Если каким-то чудом мне удавалось заснуть на несколько часов, я просыпался в луже пота, не в силах дышать от кошмаров столь ужасающих, что они оставались со мной на долгие часы. Я приближался к точке срыва.
Пока я пытался убедить себя встать и покинуть кабинет, зазвонил мой телефон. Я приоткрыл глаз и посмотрел на экран.
Леви.
Ответив на вызов, я закинул ноги на стол и сжал переносицу.
— Привет.
— Привет. Я не вовремя?
— Нее. Провел все пары на сегодня. Как раз решаю, есть ли у меня энергия встать из-за стола и оттащить свою несчастную задницу домой.
— Дерьмовый день?
— Дерьмовая жизнь. Что нового?
— У меня есть новости касаемо нашего разговора прошлой ночью. Хочешь услышать их сейчас или мне перезвонить попозже вечером?
Я застонал и поднялся с кресла.
— Насколько все плохо?
— Как я и предсказывал. Не фонтан.
Я схватил портфель, решив, что надо убраться отсюда к чертовой матери, пока он не заговорил, и я не устроил эпичную истерику прямо в кабинете у всех на виду. Все, что касалось Моргана, выбивало меня из колеи. Я был оголенным проводом во всем, что связано с ним. Или я буду орать, пока не охрипну, или грохнусь на пол и буду рыдать.
Я поистине жалок.
Я сделал вдох и выдохнул сквозь поджатые губы.
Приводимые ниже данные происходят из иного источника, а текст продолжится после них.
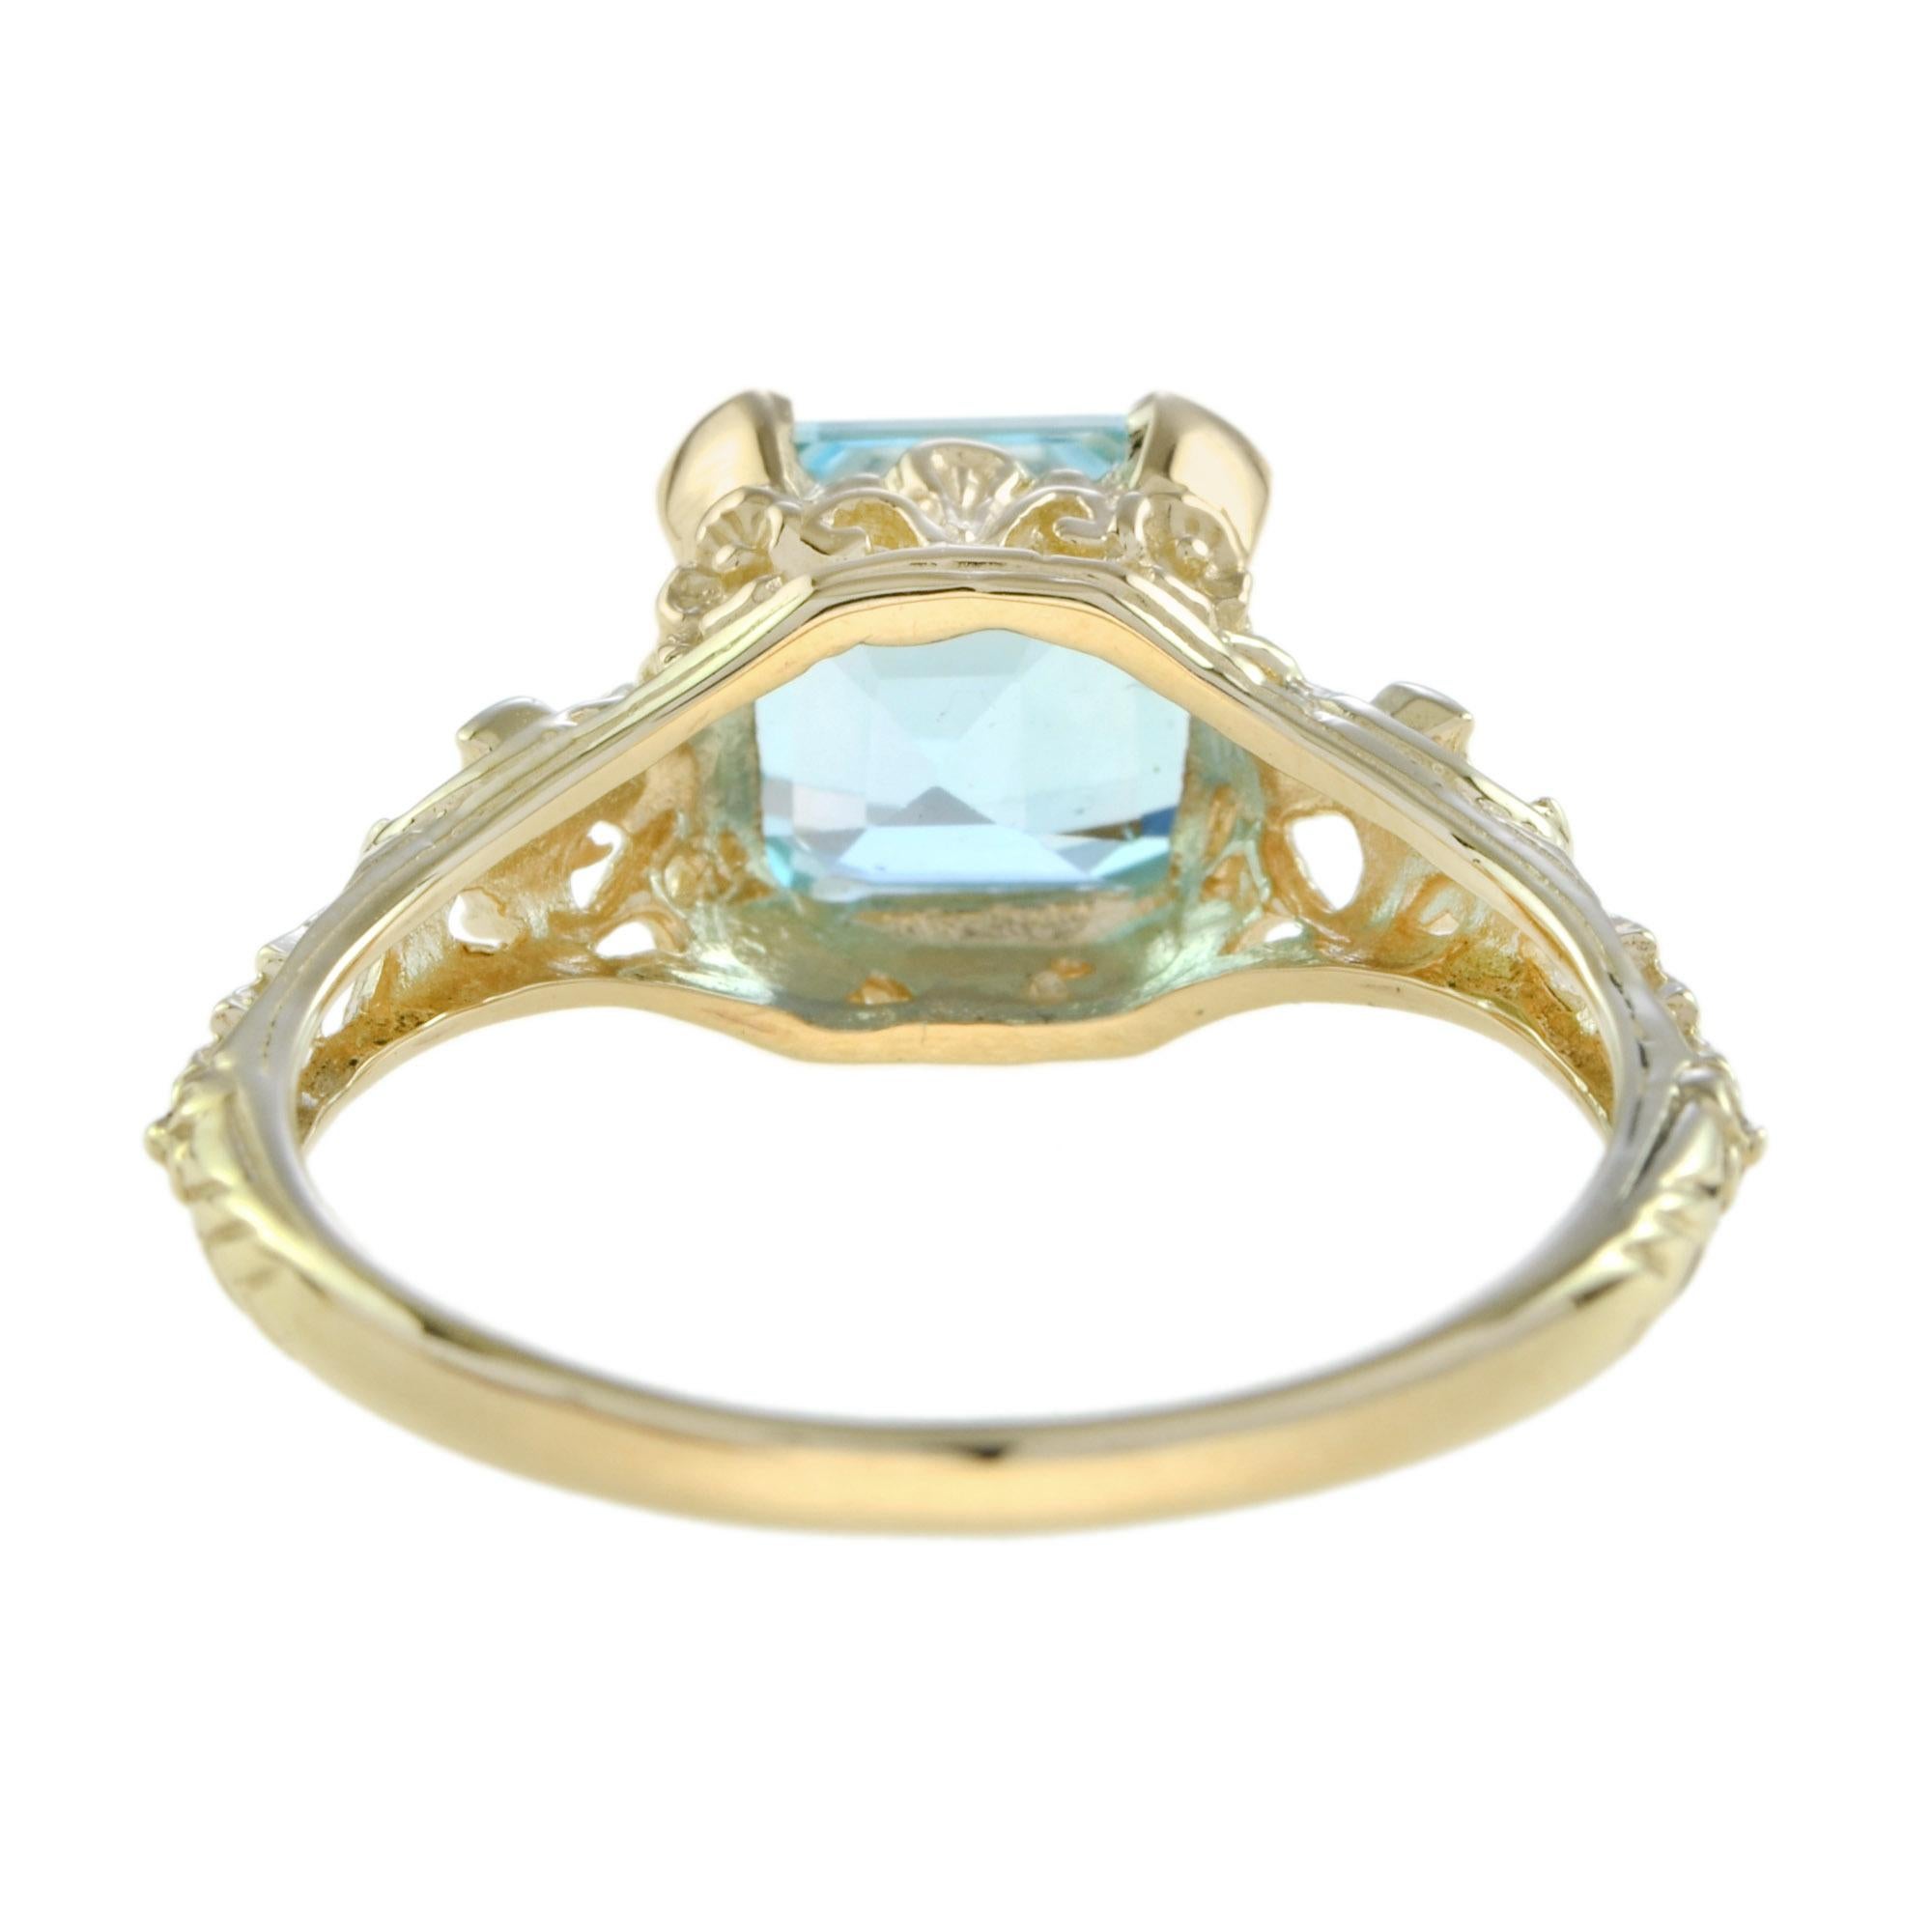 Women's Natural Blue Topaz Filigree Ring in Solid 14K Yellow Gold

— Ладно, я иду к машине. Выкладывай.
— Короче говоря, Морган не собирается подписывать бумаги о разводе и покончить с этим. По сути, он собирается оспаривать абсолютно все. Все ваши общие финансовые активы, вашу собственность, ваши вложения, все.
— Что? Как? Зачем? Он никогда не выйдет на свободу. Он умрет за решеткой, зачем ему...
— Джейсон.
Я зарычал, держа язык за зубами, поскольку мой повышенный тон привлекал внимание студентов в коридоре. Мне меньше всего нужно, чтобы люди узнали, кто я. Если у моей двери выстроится полчище репортеров, то к утру я останусь без работы.
Более спокойным голосом я спросил:
— И что? Он хочет половину всего? Он хочет алименты? Он в тюрьме, — прошипел я. — Какой ему от этого прок?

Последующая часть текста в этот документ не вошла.